Sobre a questão do patrocínio da Brahma à seleção brasileira, vale muito a pena ler o artigo de Ruy Castro, publicado na Folha de S.Paulo de ontem, 08/03/2010, transcrito abaixo. A propósito, também vale a pena ler o livro de Castro, “Estrela Solitária: um brasileiro chamado Garrincha”, biografia de um dos maiores craques da história do futebol brasileiro e mundial, também vítima do alcoolismo. (JFQ)

Guerreiros e zuzus
Ruy Castro


O que é mais “imoral” na TV? A socialite Paris Hilton se esfregando numa garrafa de cerveja ou o treinador da seleção brasileira, Dunga, batendo no peito e se dizendo “brahmeiro”? A meu ver, Dunga. Mas Paris Hilton é que foi censurada.


Você dirá que, no comercial, Dunga não fala brahmeiro, e sim, guerreiro. Mas, passados os tambores, representando a batida no peito, ouve-se o locutor dizendo brahmeiro. A associação é clara: Dunga é guerreiro porque é brahmeiro. É mais claro do que imaginar que Paris Hilton esteja cometendo sexo. Aliás, ela não parece mais devassa do que tantas modelos brasileiras em outros comerciais, inclusive de iogurte.


Não sei se o comercial de Paris Hilton, antes de ser evaporado, era exibido durante o dia. Mas o de Dunga passa a toda hora entre desenhos animados e jogos de futebol, ao alcance de criancinhas mamíferas, garantindo os bebuns de amanhã.

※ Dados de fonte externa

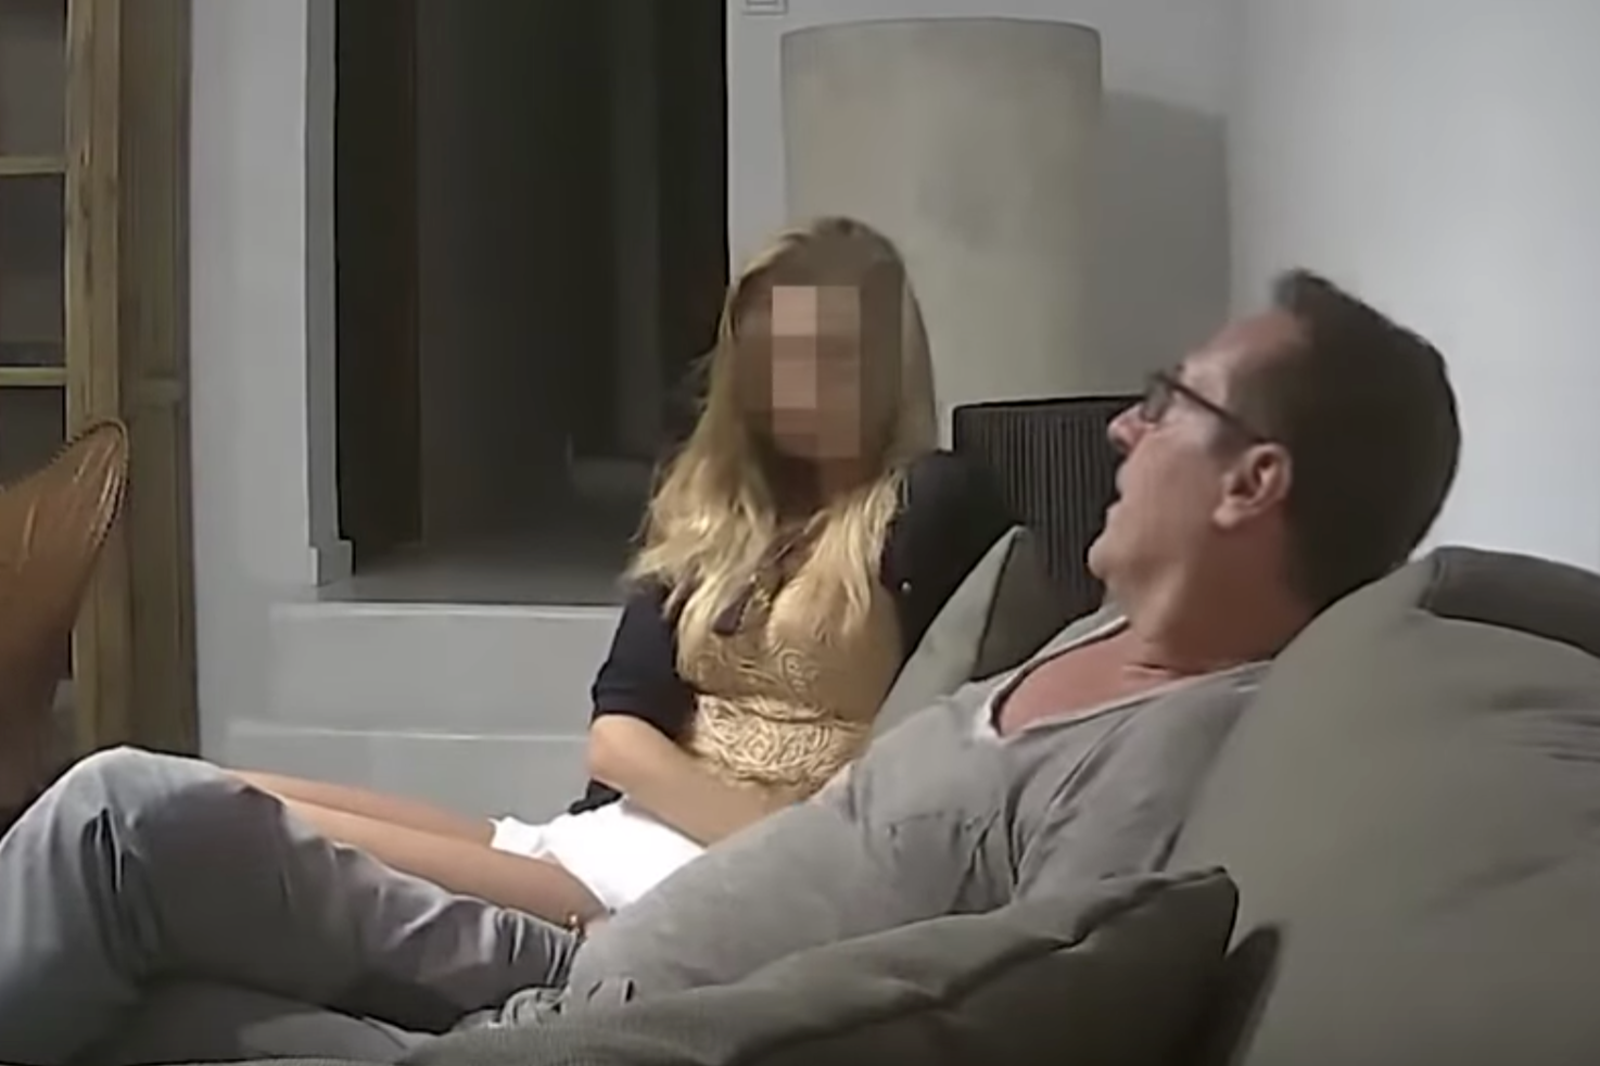 So finden Sie versteckte Kameras in ihrem Airbnb-Appartement

De novo as companhias de cerveja impõem a ideia de que cerveja não é bebida alcoólica, embora o próprio Ministério da Saúde acuse que nossos garotos começam a bebê-la cada vez mais cedo e já existam casos frequentes de alcoolismo aos 12 anos.


O Brasil, um dos países mais permissivos do mundo, não se deixaria abalar pela lascívia de uma perua estrangeira, tendo abundante oferta de matéria-prima nacional. Mas a ligeireza com que se tratam questões de saúde pública vive nos apresentando a conta. A escalada do crack, por exemplo, foi prevista há 15 anos e passou em branco por vários ministros da Saúde, alguns dos quais concentrados em sua ideia fixa de perseguir tabagistas.


Quero ver se Dunga continuará tão satisfeito de ser “brahmeiro” se, na Copa, algum jogador se exceder num dia de folga e voltar zuzu para a concentração, batendo no peito e se dizendo “guerreiro”.

Um comentário:

  1. Acredito que a ida do Adriano à Copa (mesmo levando-se em conta o benefício à autoestima de uma pessoa que declarou-se doente e que pretende se tratar) deixará claro, mais uma vez, que a violência contra a mulher continua sendo uma banalidade. Principalmente porque, na maioria dos casos, esse tipo de agressão está diretamente ligado ao consumo de álcool. E pior, que Bruno tinha razão: em briga de marido e mulher não se mete a colher.
    Quanto à associação de esportitas à bebida alcoólica logo se vê que o dinheiro compra tudo. Ou você acha que o Dunga (como bom brahmeiro) deixará de convocar o Adriano por conta da sua dependência alcoólica?